World briefs for January 11


Calm grips Fallujah, street fighting continues

BAGHDAD (AP) — Residents started to trickle back to the besieged city of Fallujah on Friday as militants and government forces appeared to be preparing for a long standoff. Al-Qaida-linked fighters and tribal gunmen are camped on the outskirts of the city, with Iraqi army and police stationed nearby.

A tense calm settled over the city, although sporadic street fighting rattled Ramadi and surrounding areas in Sunni-dominated Anbar province, a vast desert region west of Baghdad once a major battleground for U.S. troops.

The extremist militants, emboldened by fellow fighters’ gains in the civil war in neighboring Syria, tried to position themselves as the champions of Iraqi Sunnis angry at the Shiite-led government about what they see as efforts to marginalize them.

Iraqi troops have taken up positions in and around Fallujah and Ramadi, both recently overtaken by black masked gunmen after the arrest of a Sunni lawmaker sought on terrorism charges and the government’s dismantling of a year-old Sunni protest camp in Ramadi, but have not launched major urban offensives, fearing likely civilian casualties could incite Sunni anger and push moderate tribal leaders to side with the extremists.

500 reported killed in rebel infighting in Syria

BEIRUT (AP) — With nearly 500 people reported killed in a week of rebel infighting, many Syrians barricaded themselves in their homes Friday while others emerged from mosques angrily accusing an al-Qaida-linked group of hijacking their revolution.

The rebel-on-rebel clashes have overshadowed the battle against President Bashar Assad and underscore the perils for civilians caught in the crossfire of two parallel wars.

The violence, which pits fighters from a variety of Islamic groups and mainstream factions against the feared al-Qaida-linked Islamic State of Iraq and the Levant, spread across four provinces in opposition-controlled parts of northern Syria.

The infighting is helping Assad, whose forces clawed back some of the ground lost to the rebels in recent months as they bombard the north and other opposition regions with warplanes, heavy artillery and crude explosive-filled barrels dropped over rebel neighborhoods.

US diplomat withdrawn after expulsion demand

NEW DELHI (AP) — The United States said Friday it was withdrawing a diplomat from India in hopes it would end a bitter dispute that started with the arrest and strip search of an Indian diplomat in New York.

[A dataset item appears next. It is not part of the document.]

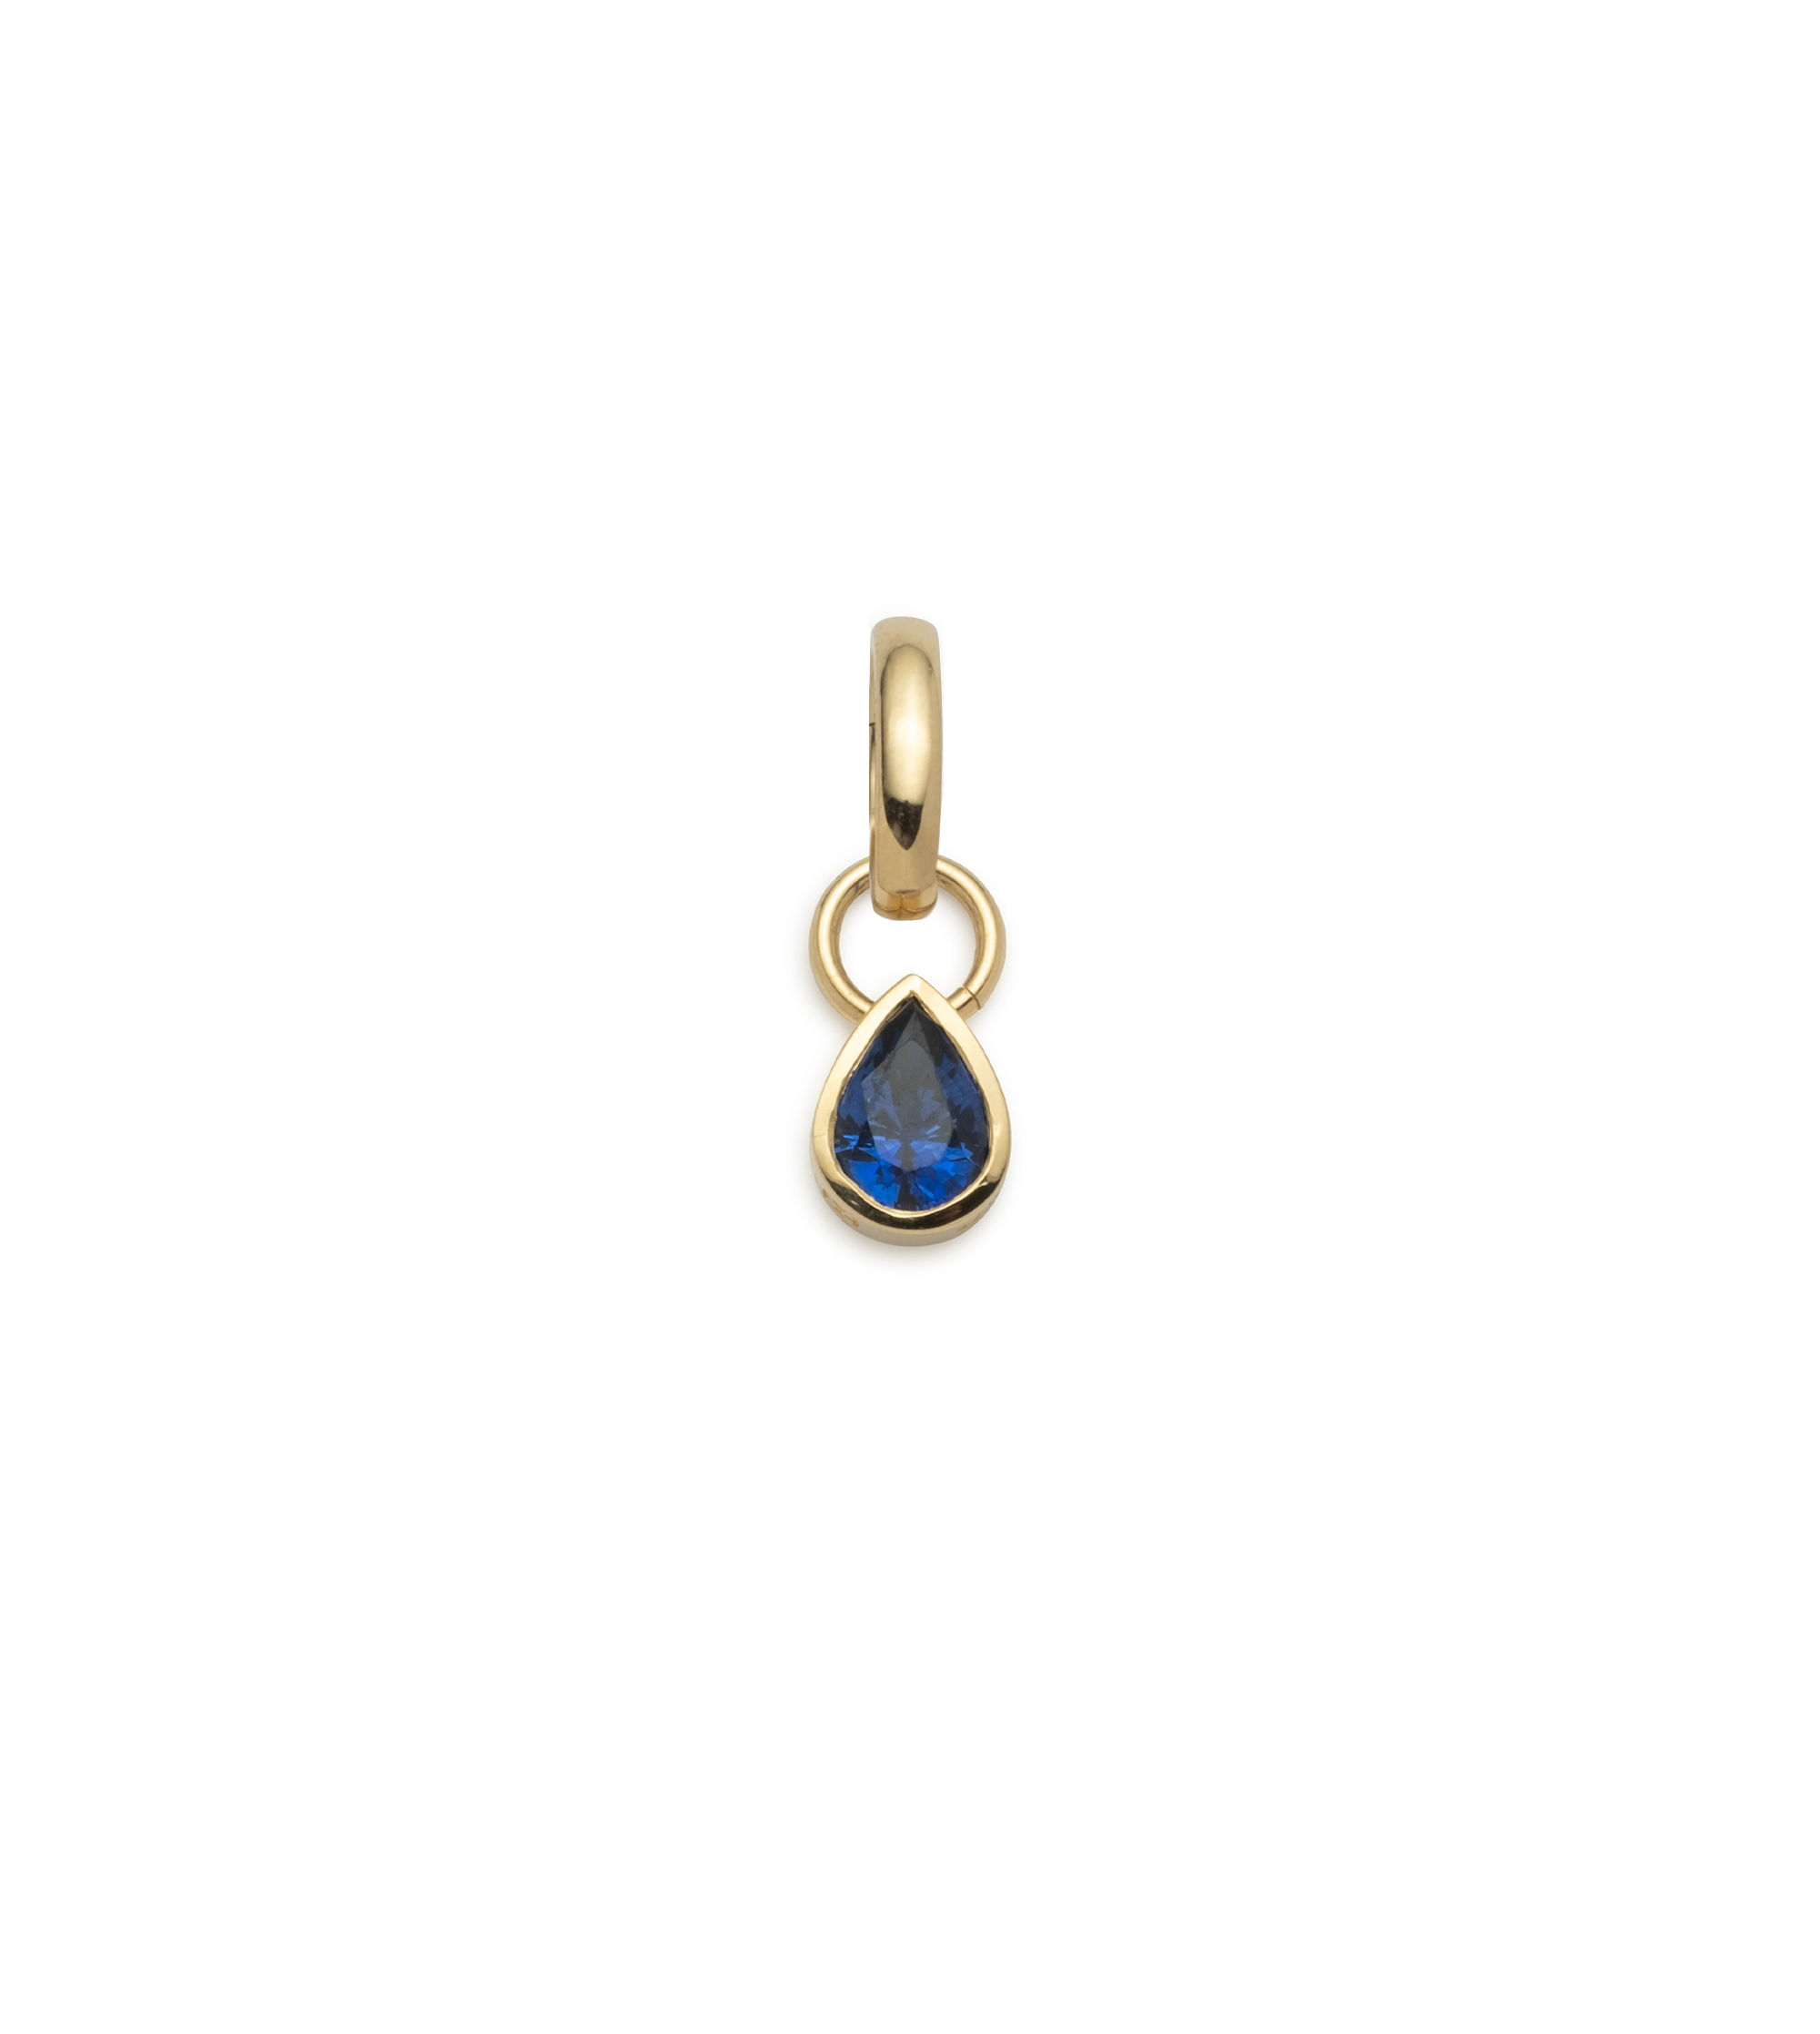 Forever & Always a Pair - Love : 0.8ct Blue Sapphire Pear Pendant with Oval Push Gate
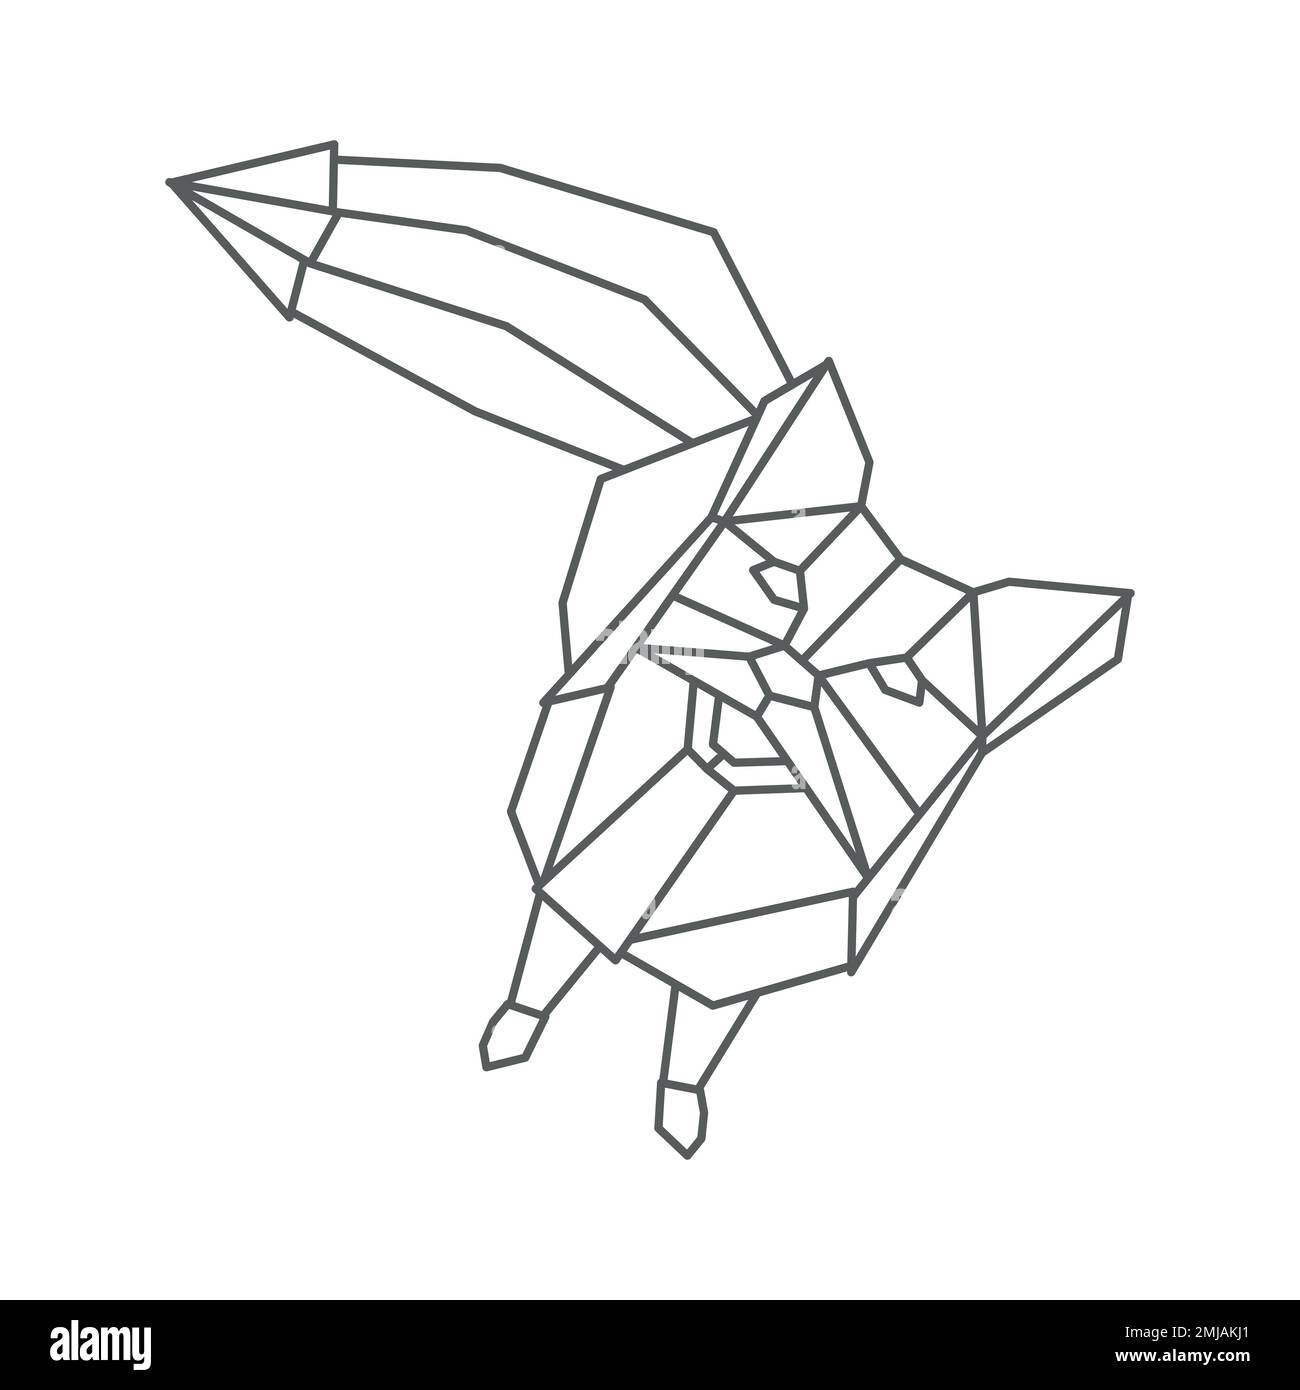 Cute fox is sitting looking up. Geometric linear wild animal. Abstract minimalistic illustration. Stylish modern clipart for design of branded product Stock Vector

Washington’s announcement it was complying with a demand from New Delhi for the expulsion of the U.S. official came hours after Devyani Khobragade, India’s deputy consul general in New York, left the U.S.

Khobragade, 39, is accused of exploiting her Indian-born housekeeper and nanny, allegedly having her work more than 100 hours a week for low pay and lying about it on a visa form. Khobragade maintained her innocence, and Indian officials described her treatment as barbaric.

In an apparent compromise, she was indicted by a federal grand jury but also granted immunity that allowed her to leave the United States. Khobragade arrived in New Delhi on Friday, where she was met at the airport by her father and a sister.

Settlements hit by boycott campaign

NETIV HAGDUD, West Bank (AP) — An international campaign to boycott Israeli settlement products rapidly turned from a distant nuisance into a harsh economic reality for Israeli farmers in the West Bank’s Jordan Valley. The export-driven income of growers in the valley’s 21 settlements dropped by more than 14 percent, or $29 million, last year, largely because Western European supermarket chains are shunning the area’s produce, settlers said.